# Exercise brief
Lines below starting with the line with "Sigma Executive Summary Template" and going on through the line with "Deux femmes indiennes" must be output exactly; the rest of the records must be left out.

# Record extracts
____

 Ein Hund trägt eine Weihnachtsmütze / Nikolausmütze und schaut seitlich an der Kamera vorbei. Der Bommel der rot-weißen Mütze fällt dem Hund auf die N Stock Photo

____

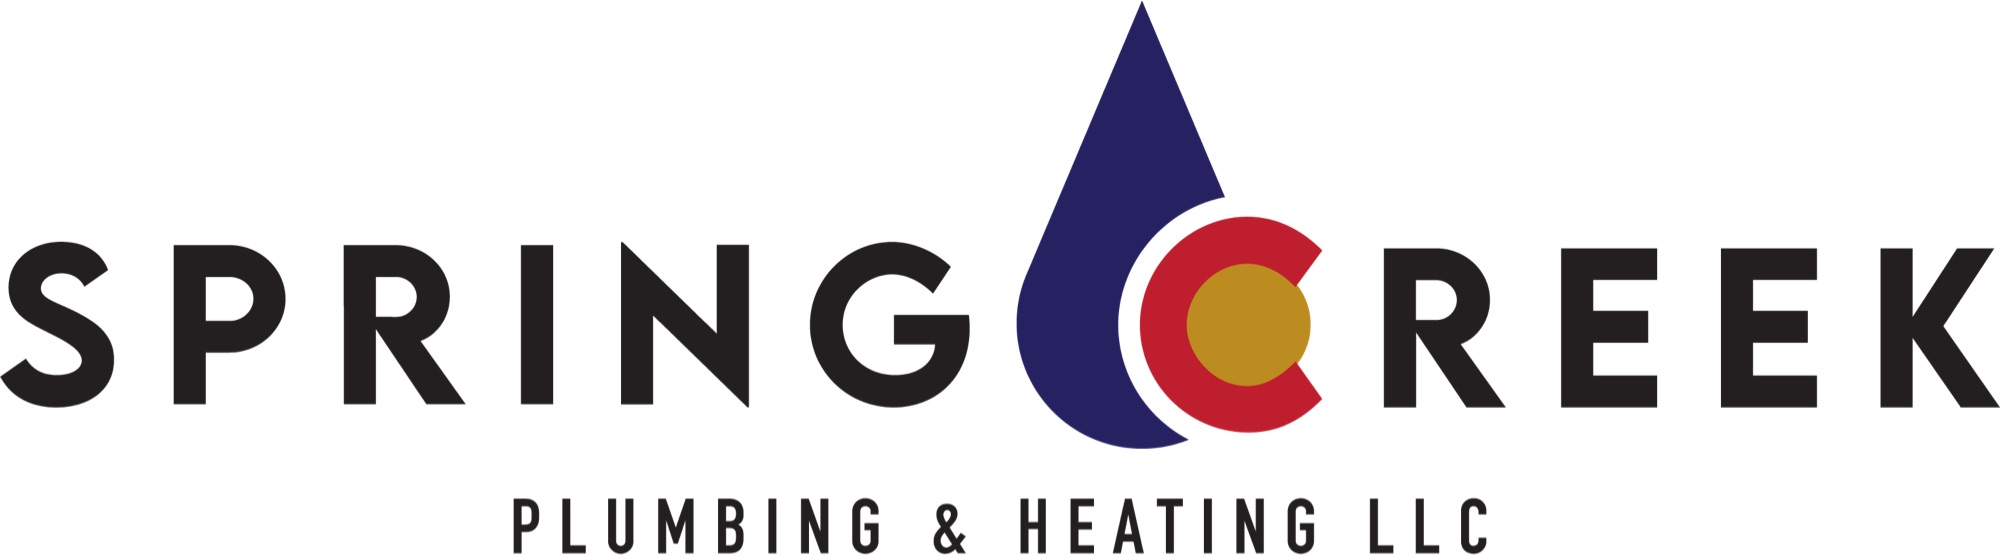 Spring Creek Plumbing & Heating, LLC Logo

____

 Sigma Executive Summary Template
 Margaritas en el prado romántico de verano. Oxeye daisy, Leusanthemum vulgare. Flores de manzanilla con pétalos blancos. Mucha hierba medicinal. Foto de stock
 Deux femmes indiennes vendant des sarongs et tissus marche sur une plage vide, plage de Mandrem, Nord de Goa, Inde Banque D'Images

____

# Solution for this problem
 Sigma Executive Summary Template
 Margaritas en el prado romántico de verano. Oxeye daisy, Leusanthemum vulgare. Flores de manzanilla con pétalos blancos. Mucha hierba medicinal. Foto de stock
 Deux femmes indiennes vendant des sarongs et tissus marche sur une plage vide, plage de Mandrem, Nord de Goa, Inde Banque D'Images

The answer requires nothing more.